In plain old Java, if I implement a class with Serializable interface, Java takes care of serializing an instance of the class and vice versa. Why do we need to supply a separate Serializer and Deserializer class if we use Kafka? Why can't Kafka use the same mechanism as Java Runtime Engine for serializing and deserializing an instance if the class implements Serializable? Can you please explain this?
-
7because Java serialization is badMichael– Michael2019-08-11 19:17:08 +00:00Commented Aug 11, 2019 at 19:17
-
For refernce to @Michael's comment: Oracle plans to dump risky Java serializationTuring85– Turing852019-08-11 19:20:09 +00:00Commented Aug 11, 2019 at 19:20
-
Java serialisation is slow, bloatedand insecure. It lacks backwards and forwards compatibility features, and has minimal versioning support. It's implementation as reflection on named private methods is questionable at best. Why would anyone building a highly scalable high throughput messaging system use such a system??Boris the Spider– Boris the Spider2019-08-11 19:22:23 +00:00Commented Aug 11, 2019 at 19:22
-
5Keep in mind that Kakfa is not limited to java. It can be used with any other programming language, which will not understand java's serialization. However, you can use java's serialization for your Serializer and Deserializer if you want.Progman– Progman2019-08-11 19:22:56 +00:00Commented Aug 11, 2019 at 19:22
-
In addition to the above: I usually send JSON over Kafka, which is not supported by Java serialization.daniu– daniu2019-08-12 13:42:28 +00:00Commented Aug 12, 2019 at 13:42
1 Answer
To answer your questions, Kafka utilizes a separate Serializer and Deserializer class so that applications can choose which format of serialization to use. It is a pluggable method of adding flexibility.
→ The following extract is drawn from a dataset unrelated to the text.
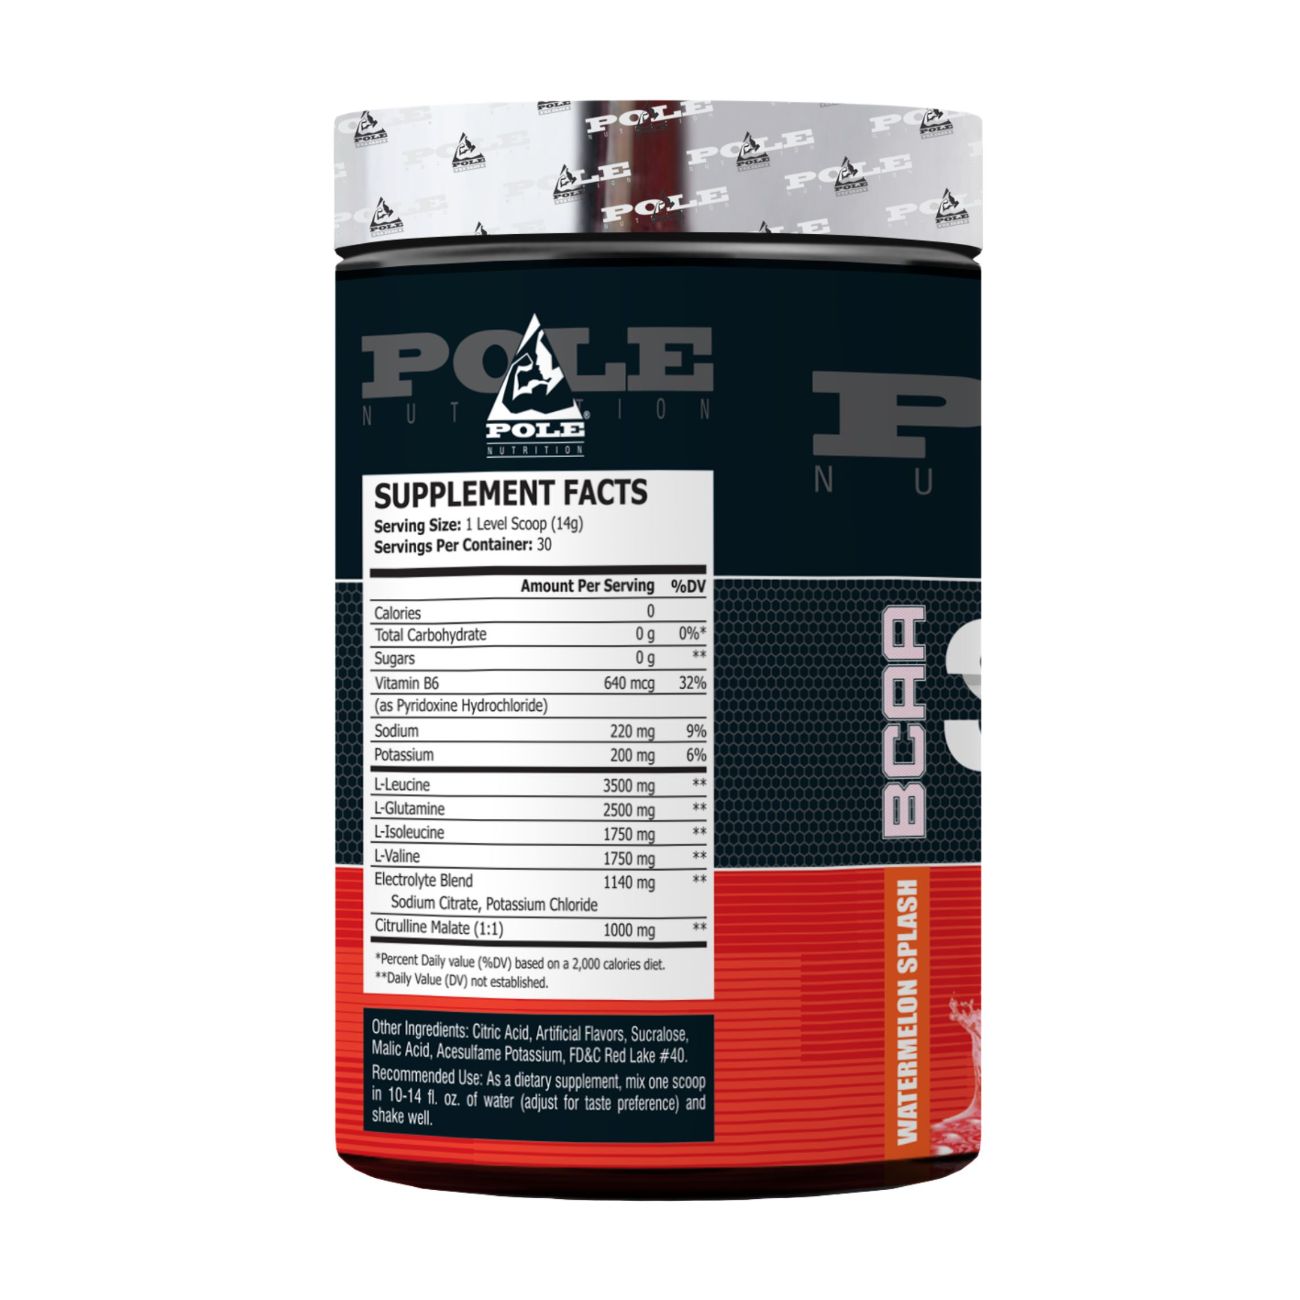 Pole Nutrition BCAA Stroke, 30 servings Supplement Facts

Kafka does "come with" two default serializers, a byte and string deserializer, as you note neither of these utilizes Java serialization. As other comments have mentioned java serialization is often seen when the writer and reader applications are tightly coupled, use the same versions of java etc. it's issues become more apparent in environments where these assumptions can't be made. Environments like those Kafka is used in. There is also the matter of Kafka supporting other programming languages in its API's.
If this was a hard requirement you could use the default byte deserializer to read the messages from java as bytes, and post process these. The messages you'd write would be a byte string corresponding to your java serialized object. This basically uses Kafka as just a byte pass through.